I was the first woman trader and still am the youngest woman trader to make partner at Goldman Sachs, a title I thought I recently handed over because I thought I had just turned 33, but nope. The year was 1996, I had just turned 32, and I was pregnant with my first child when I heard the news. And if you are connecting the dots and thinking, weird, she made partner while her belly was making room for a new human at a patriarchal institution, and now she is writing this article with a tight belly birthing the possibility of a matriarchal/just/equitable system of finance, the irony is not lost on you. Not only will I continue to use the money that I received from that IPO to fund and support women and people of color, but I will use it more boldly, bravely, and fully, because I am letting that anger out, finally, and I will more fully and productively help change the financial systems that are just not fair. And maybe when that pile of Cheerios is spit equitability and rightfully, I can actually rest and the annoying burping and hiccuping will finally stop.
(with a huge thank you to the incredible Laura Moore for helping me birth the She Invests Newsletter and so much more. Love ya, sister)

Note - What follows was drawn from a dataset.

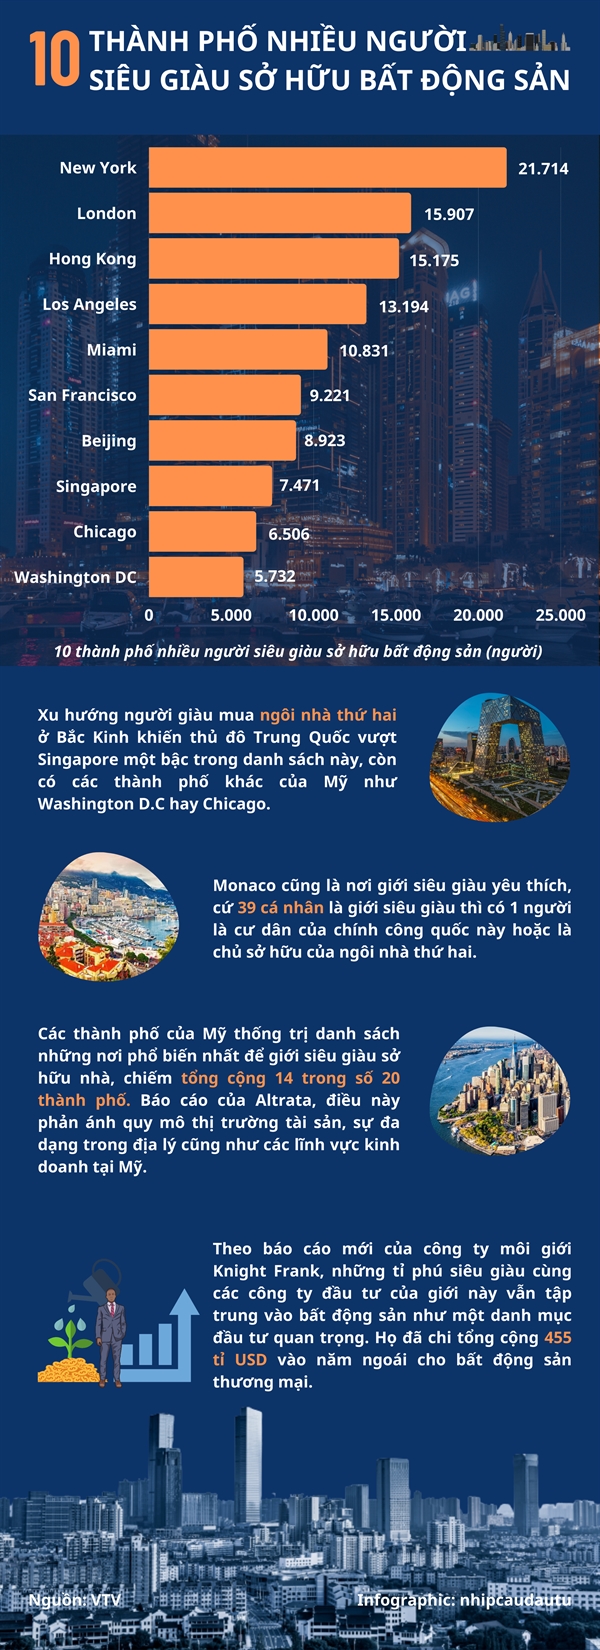 [Infographic] 10 thanh pho nhieu nguoi sieu giau so huu bat dong san nhat

To apply to join Women in VC, please click HERE. The directory is password protected and open to women employed full time at institutional, corporate, impact, accelerator and family office funds making direct investments; applications are reviewed and approved on a rolling basis. And thank you to the founders of Women in VC Sutian Dong and Jessica Peltz-Zatu love! You two rock.
By the way, I ate the whole bowl of Cheerios.
* QNRT™ is a proprietary protocol designed to initiate a quantum shift in the nervous system by resetting the brain’s response to emotional triggers for both past and present emotional trauma and stress.
* I highly recommend Brene Brown’s books, and especially her podcast, Unlocking Us.